We then tested logistic regression models predicting membership in each of the classes for each of the PSQI cutoff scores. The models included age, CIRS-G score, MMSE score, GPM score, GDS-15 score, and reason for admission (orthopedic vs. all others) as predictors of class membership. For all statistical tests, a p-value < 0.05 was considered statistically signifi-cant. LCA were performed using Mplus (version 7), utilizing Maximum Likelihood estimation, which uses all available data. Logistic regressions were conducted using Stata Version 13.1.
RESULTS
Nine hundred sixty-six patients over 65 years of age were admitted for rehabilitation during the study period. The final sample was composed of 244 patients (28 patients refused initial screening, 106 experienced early discharge/death, 24 did not receive rehabilitation, 8 were identified more than 7 days into their rehabilitation stay, 15 were too ill or behaviorally disturbed, 11 had resided in a nursing home prior to admission, 37 had difficulty communicating in English, and 492 refused study enrollment). We previously reported that, other than an expected gender difference (43.0% vs. 96.6% men at facilities A and B, respectively), there were few differences between the two study sites.13 T-tests comparing participants retained in the current analysis (n = 163, mean age 79.7 ± 6.9 years) with those excluded due to absence of post-discharge follow-up data (n = 70) revealed no differences in pre-illness PSQI (p = 0.948) or 7-day PSQI scores (p = 0.401). As such, we proceeded with our planned analysis for the combined sample from both sites with confidence that results would not be biased by systematically missing data. Overall, 67% of participants provided PSQI data at the 3-month follow-up or later. There were no differences in missing follow-up observations across the 2 latent classes. Refer to Table 1 for demographic and clinical characteristics of participants.
Table 1.
Patterns of Sleep Quality
We first examined patterns of sleep quality based on a PSQI > 5 cutoff. A score of 1 was assigned if the patient had a PSQI score > 5 (associated with poor sleep quality), and a score of 0 was assigned if the patient had a PSQI score ≤ 5 (associated with good sleep quality). A latent class analysis was then performed on these dichotomous PSQI scores (where 1 indicated poor sleep). Using the bootstrap likelihood ratio test,34 the latent class analysis indicated that a 2-class solution fit significantly better than a 1-class solution (p < 0.001); however, a 3-class solution was not significantly better than a 2-class solution (p = 0.124). The 2-class model also was superior in terms of BIC (965.1 and 985.9 for the 2- and 3-class models, respectively, where smaller BIC values reflect better model fit). As a result, the 2-class solution was adopted.

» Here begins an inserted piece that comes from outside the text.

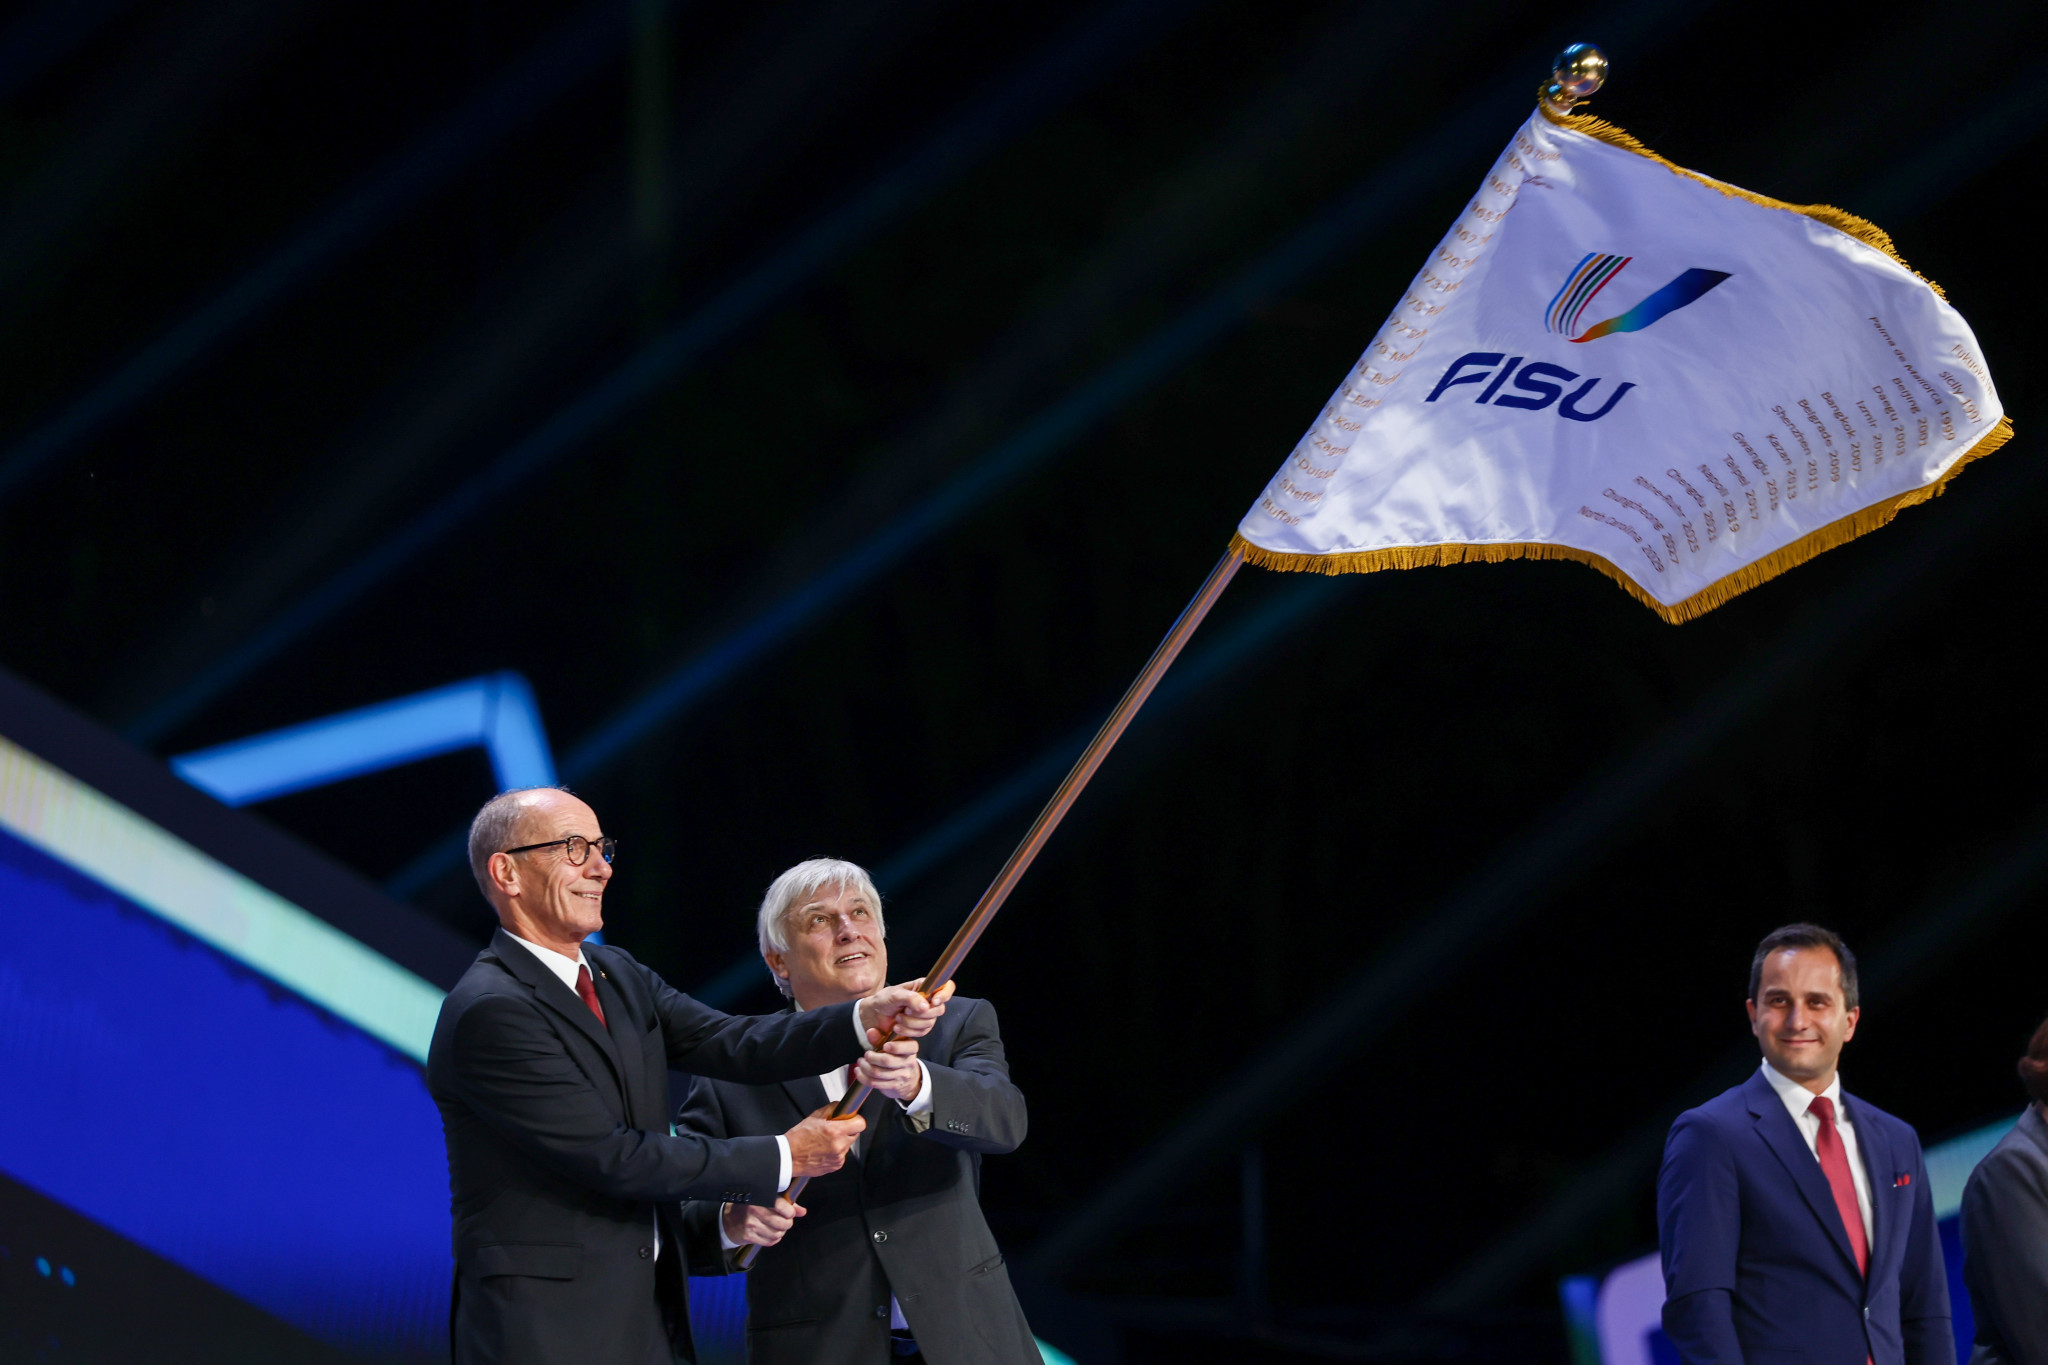 Mahmut Özdemir, right, member of the German Bundestag, watches on as he prepares to receive the FISU flag from FISU Acting President Leonz Eder and chief executive and secretary general Eric Saintrond ©Chengdu 2021

In the 2-class model, Class 1 was typified by having a low probability of poor sleep (PSQI > 5) and Class 2 was typified by having a high probability of poor sleep. The largest proportion (56%) of participants fell into Class 2 (chronic poor sleep), while 44% of participants fell into Class 1 (consistently good sleep). In terms of the classification quality of the 2-class LCA model, the entropy of the 2-class model was 0.711. Each participant was assigned to the class in which they had the highest probability of membership. The mean probability of classification into the correct class was 0.931 for Class 1 and 0.921 for Class 2, suggesting that members of each class were likely to be accurately classified (i.e., as the probability approaches 1, the probability of incorrect classification diminishes).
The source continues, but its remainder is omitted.